Water is needed not only to sustain human life and grow food, but also to produce rocket fuel. Finding a wet solar system means raw materials will help create a long-term human presence among the planets. Even a small asteroid orbiting the Sun can hold up to $ 50 billion in rare metals such as platinum. Therefore, interest in researching technologies that can form the basis of powerful space economies remains high.

However, none of the studies of our solar system have revealed a single world that is similar to suitable for humans. There is still no place in the solar system, apart from Earth, where you can walk without a spacesuit.

However, our research has shown that with the right imagination and technology, we could succeed in creating new territories for human settlement, trade, and culture. This is a project that will no doubt take several generations. Building human civilization beyond Earth will require more than machines. To thrive in a built environment, we need to figure out what the environment is in the first place. The giant domed cities on Mars that inhabit the imaginations of science fiction writers and Elon Musk need their own ecosystems. There will be plants. There will be germs. There will be soils and atmospheres. How will life, air, water, and rocks work together to maintain stable conditions?

To survive the Anthropocene, we must ask the same questions. Becoming an interplanetary species will require the same sensitivity to ecosystems that would-be climate scientists who save the Earth will have. In other words, figuring out how to do it in space could be a turning point in helping us understand how to do it on Earth.
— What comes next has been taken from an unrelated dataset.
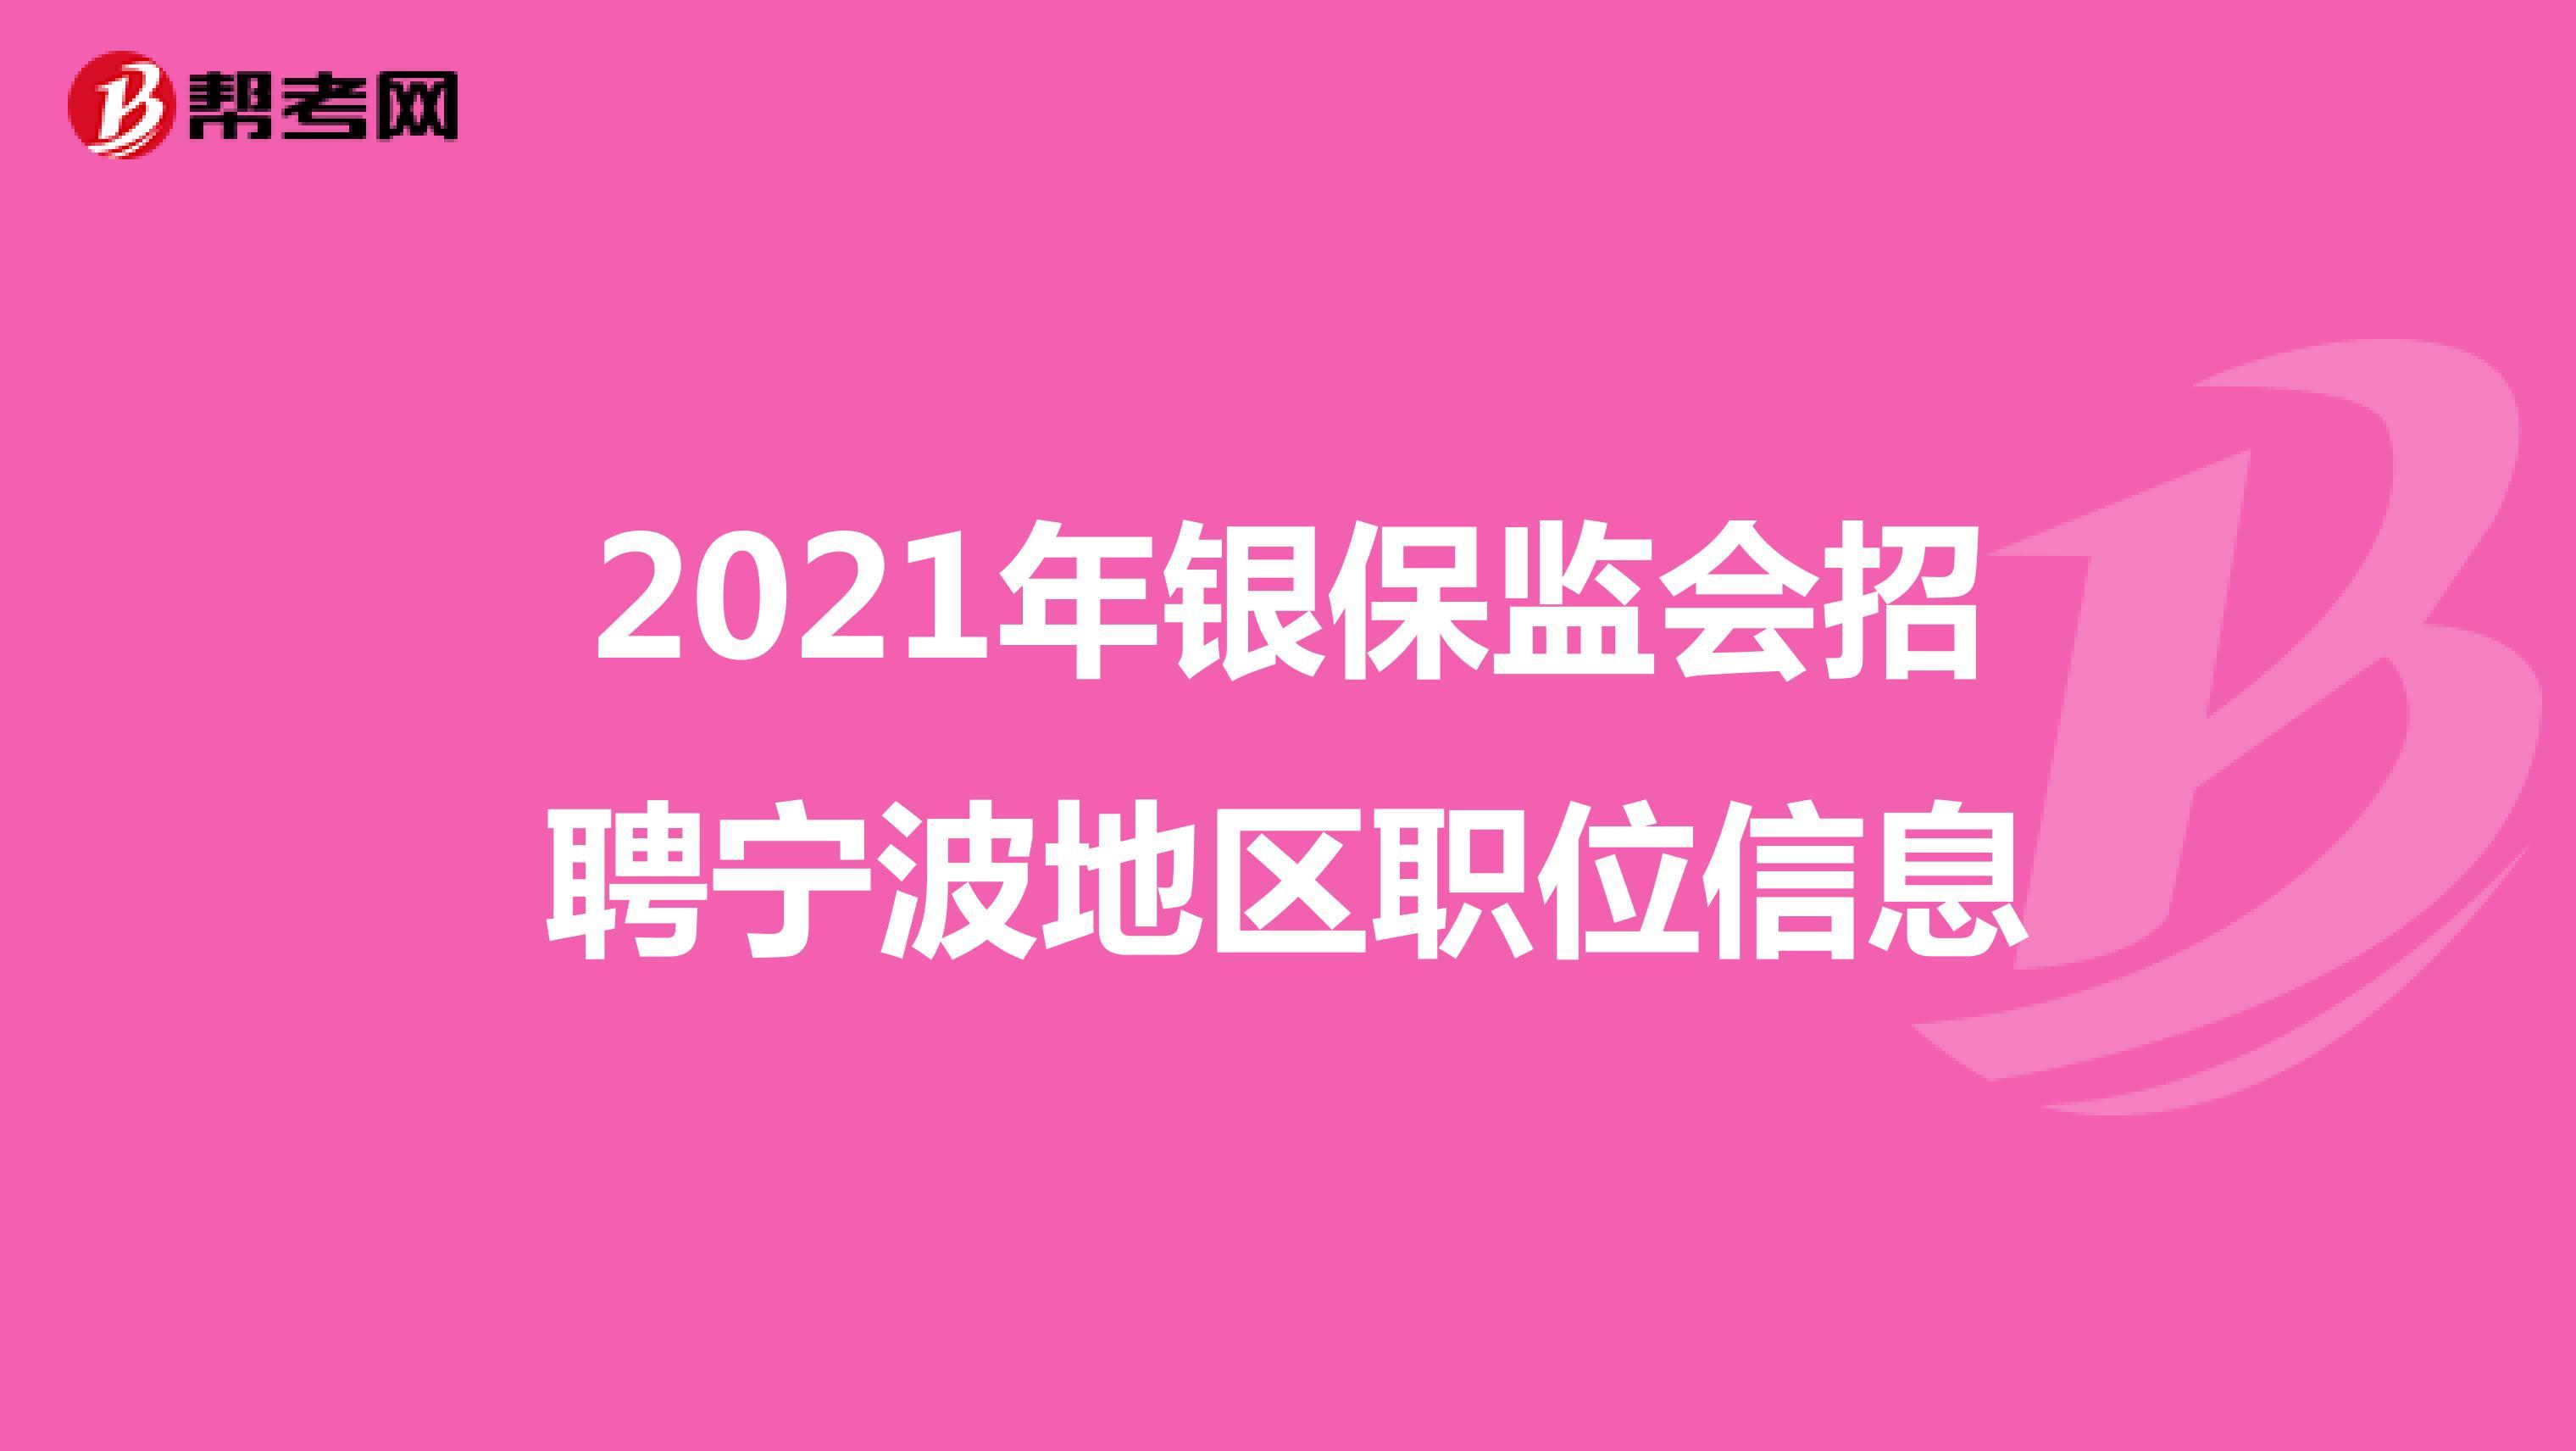 2021年银保监会招聘宁波地区职位信息

What will the next 1000 years hold for humanity? We are used to imagining that we are going to the stars in ships with warp drives. But if you take the laws of physics seriously, the limiting speed of light and the vast distances between stars could make an interstellar civilization unlikely. Even with the most advanced technology we have today, it will still take at least 100 years to reach the stars. Unless a scientific miracle occurs, the next 1000 years are unlikely to mean the creation of an interstellar human empire.

But the development of the solar system can take only a few months, even with our current technology. Jupiter, for example, is very close. If we can cope with climate change and transform the Anthropocene, the solar system will be where the drama of the next millennium of human culture unfolds. All planets, moons, asteroids and comets will be our outposts.